Health care directives. A living will documents your wishes regarding life-sustaining treatment. Find living will forms for each state at www.caringinfo.org. Some states combine the living will with a health care power of attorney in one form.

The health care power of attorney allows you to appoint someone to make medical decisions for you if you become incapacitated. You also can include specific instructions on how your agent should make your health care decisions. Laws governing these documents can vary from state to state. Look at the American Bar Association's health care power of attorney guidance, titled Giving Someone a Power of Attorney for Your Health Care, at www.americanbar.org.

Also, seniors looking to include more details in their advance directives might consider the Five Wishes form, which meets legal requirements in more than 40 states. The form, available at www.agingwithdignity.org, allows users to designate a health care proxy and outline the care they want under various medical scenarios.

Standard will. The will identifies the individual's beneficiaries, who will receive the assets in the estate. It also names the executor, the person who manages the estate.
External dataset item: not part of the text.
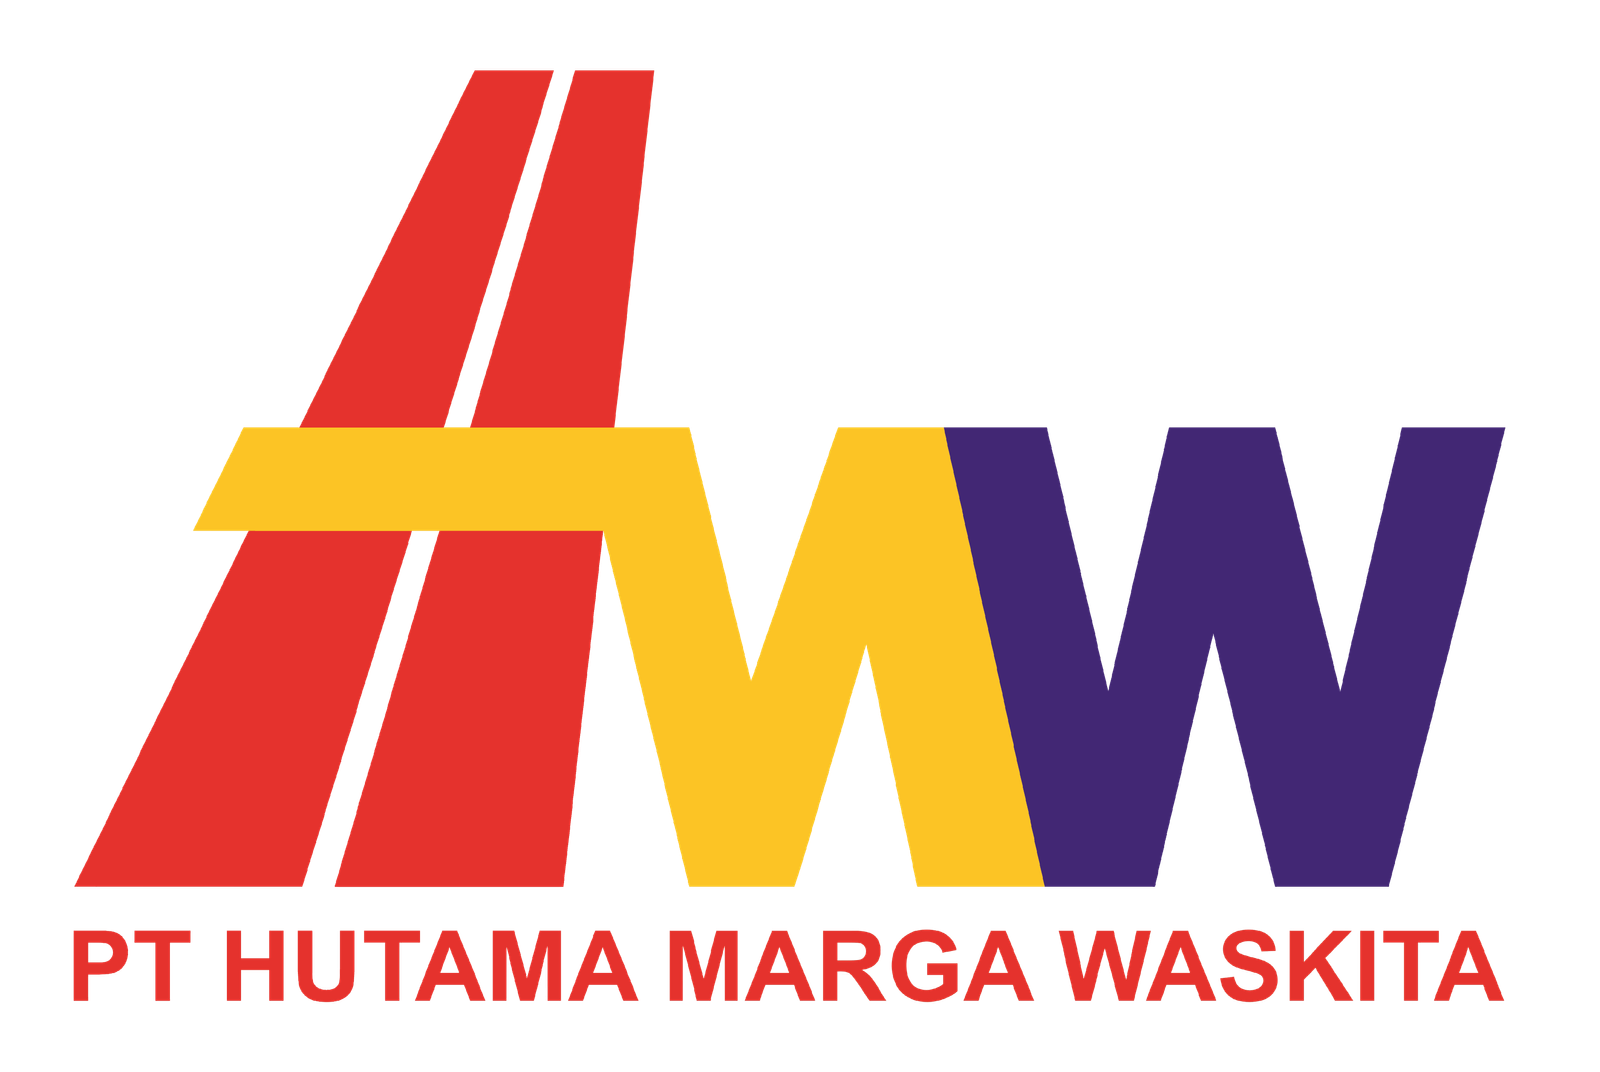 PT. HUTAMA MARGA WASKITA
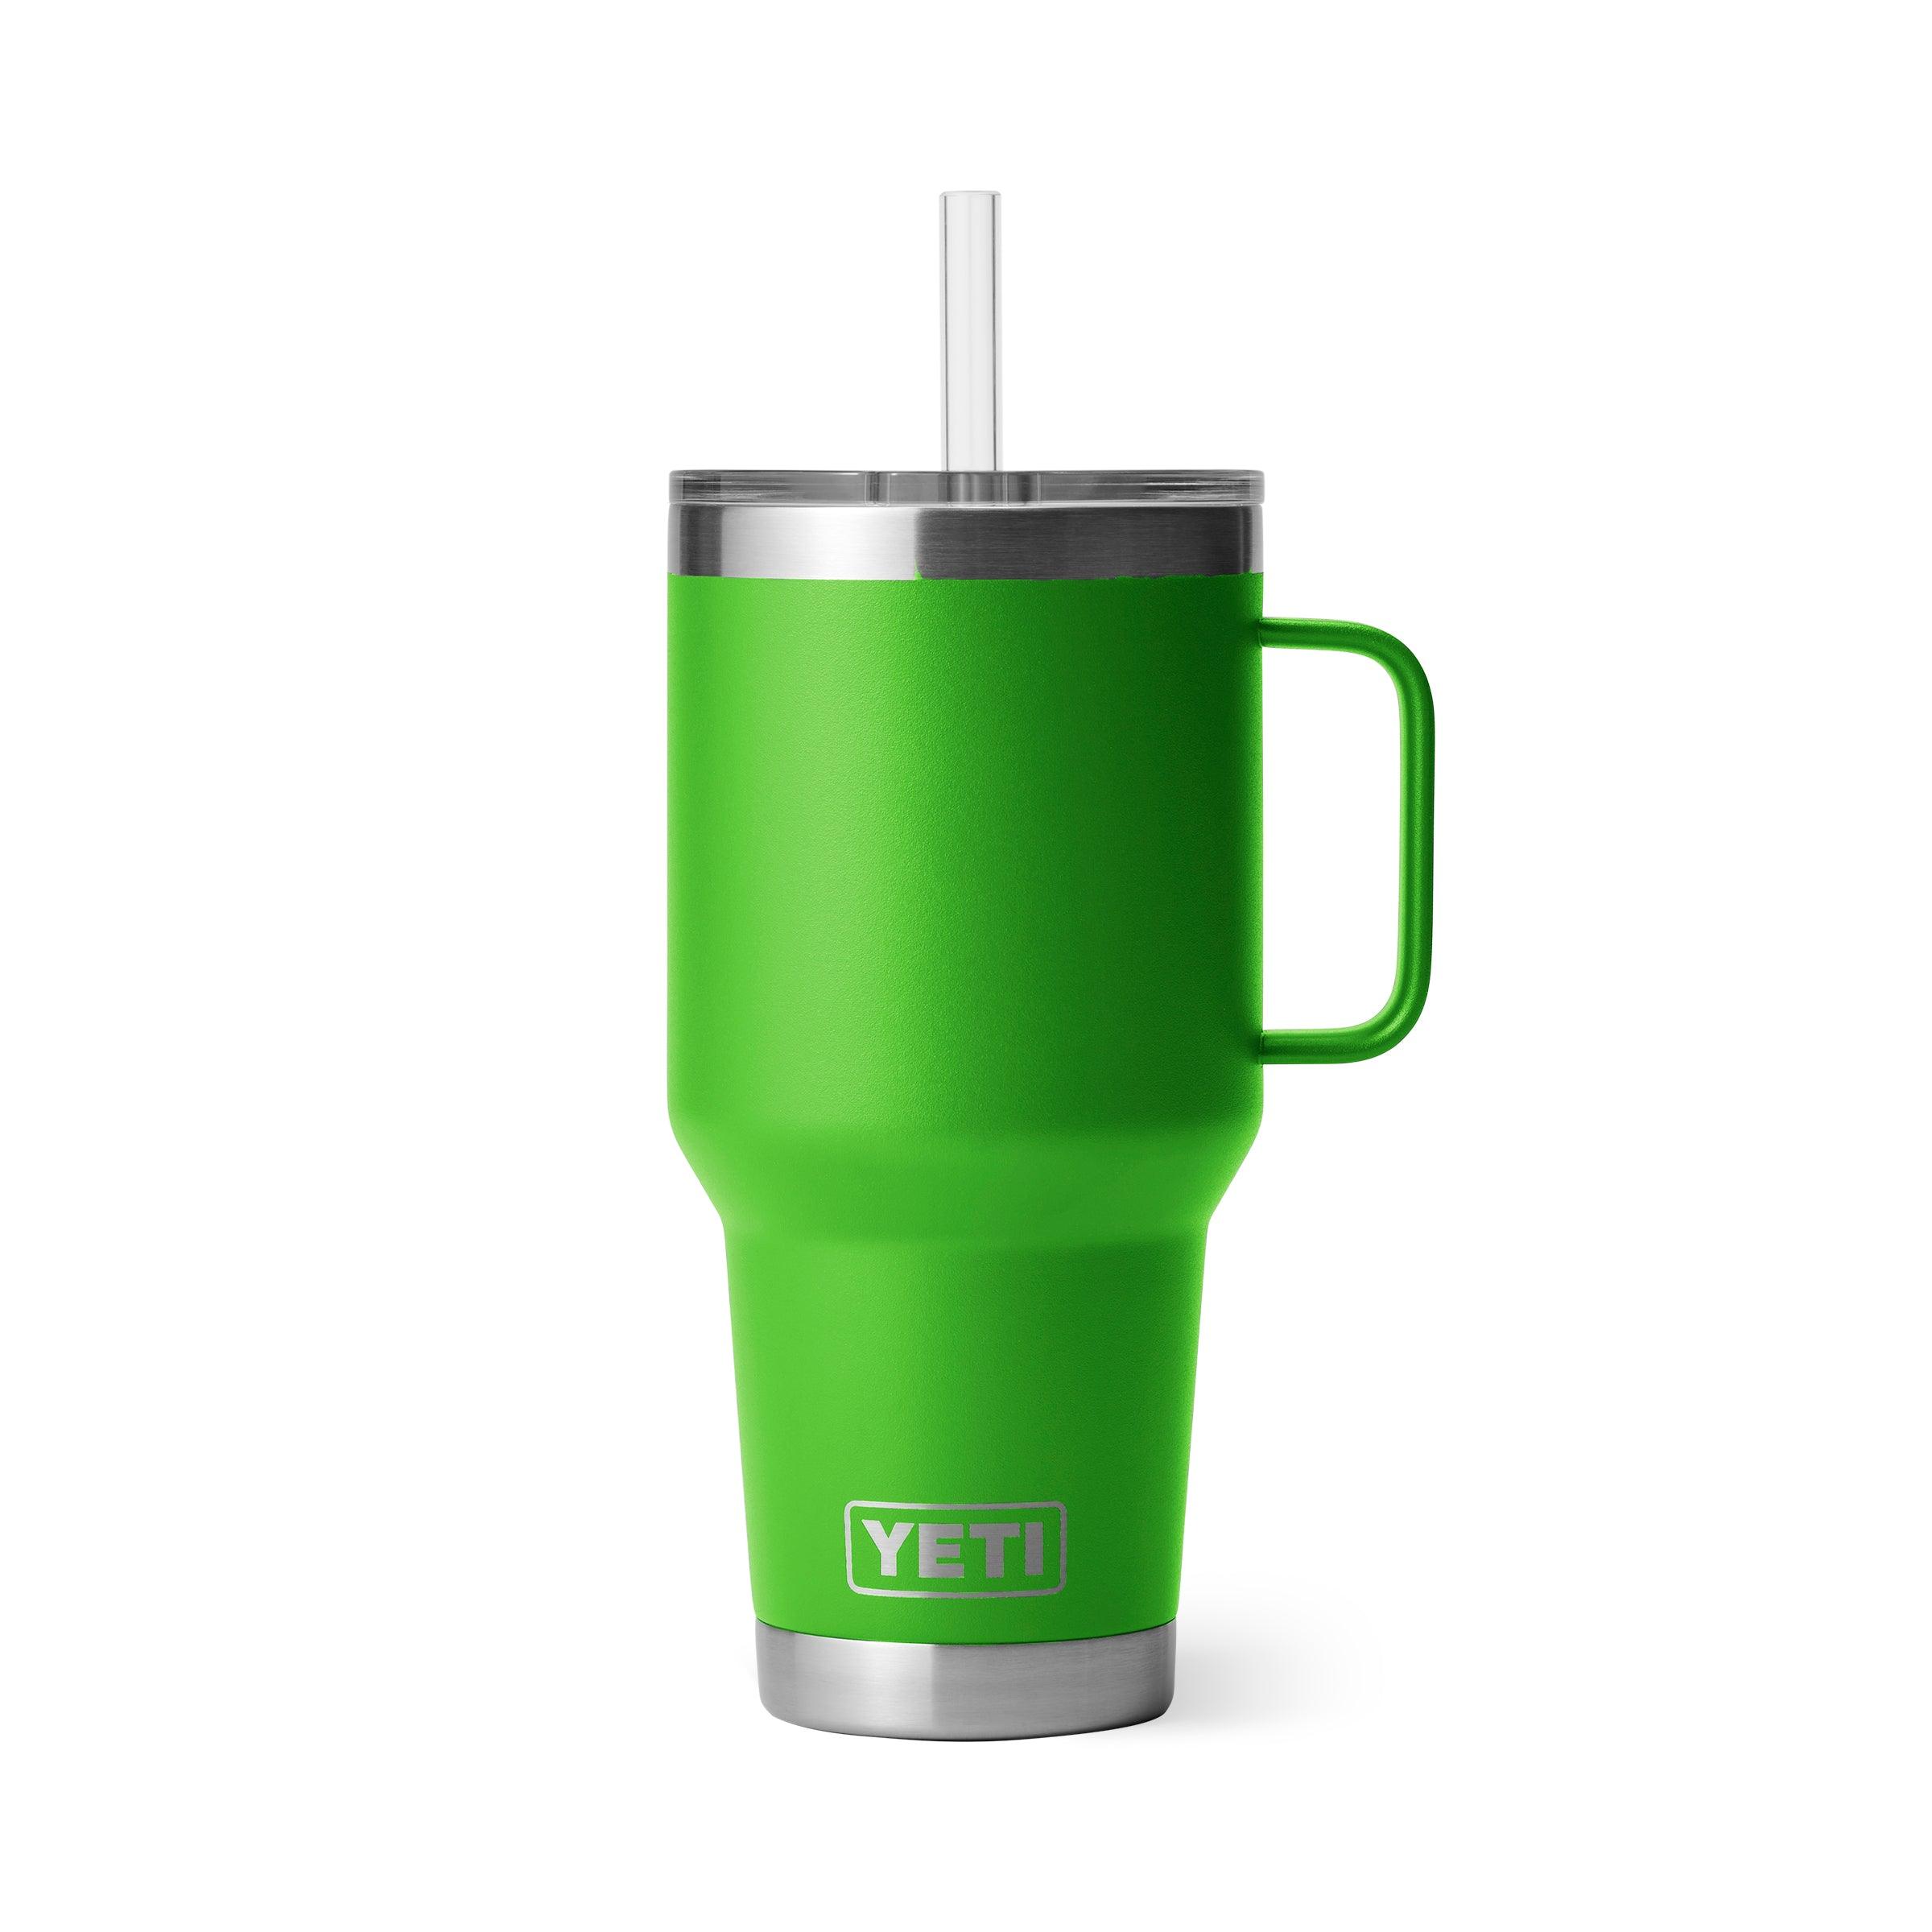 New Yeti Rambler Mug with Straw Lid launch: Why it's worth it

The executor will have no legal authority until the person dies. Separately, individuals must designate beneficiaries of their retirement plans on the plan documents themselves; naming beneficiaries for retirement-plan assets in a will is not legally binding.

Letter of instruction. This document will provide your family the financial and other information they need if you become incapacitated. At the very least, the letter should list all of your investment accounts, insurance policies, loans, cemetery plot records, real estate holdings, military benefits, overseas assets and even frequent-flier memberships. It should also provide the location of important documents and the names of key contacts, such as your lawyer, financial adviser and insurance agent. Make sure to include the computer passwords for all of your online accounts.

Your letter also could direct heirs to cancel club memberships and to call current and past employers regarding company benefits and stock options. Include funeral instructions and information you would like in your obituary. You can place all of the documents in a binder. Consider using a booklet, the Family Love Letter (www.familyloveletter.com), as a guide. Make sure to note the location of any items you may have hidden.

Special needs trust. This trust is set up to provide for an incapacitated spouse if the well caregiver dies first. The amount put in the trust will be based on the expected cost of care over the individual's lifetime. Such trusts are drafted so that the assets are not considered to belong to the disabled person. That protects eligibility for certain government benefits, such as Medicaid benefits for nursing-home care, without requiring the ill patient to first spend down all assets. Assets could be spent on extras, such as special therapies, a geriatric care manager or a private nursing-home room. A trustee would make spending decisions.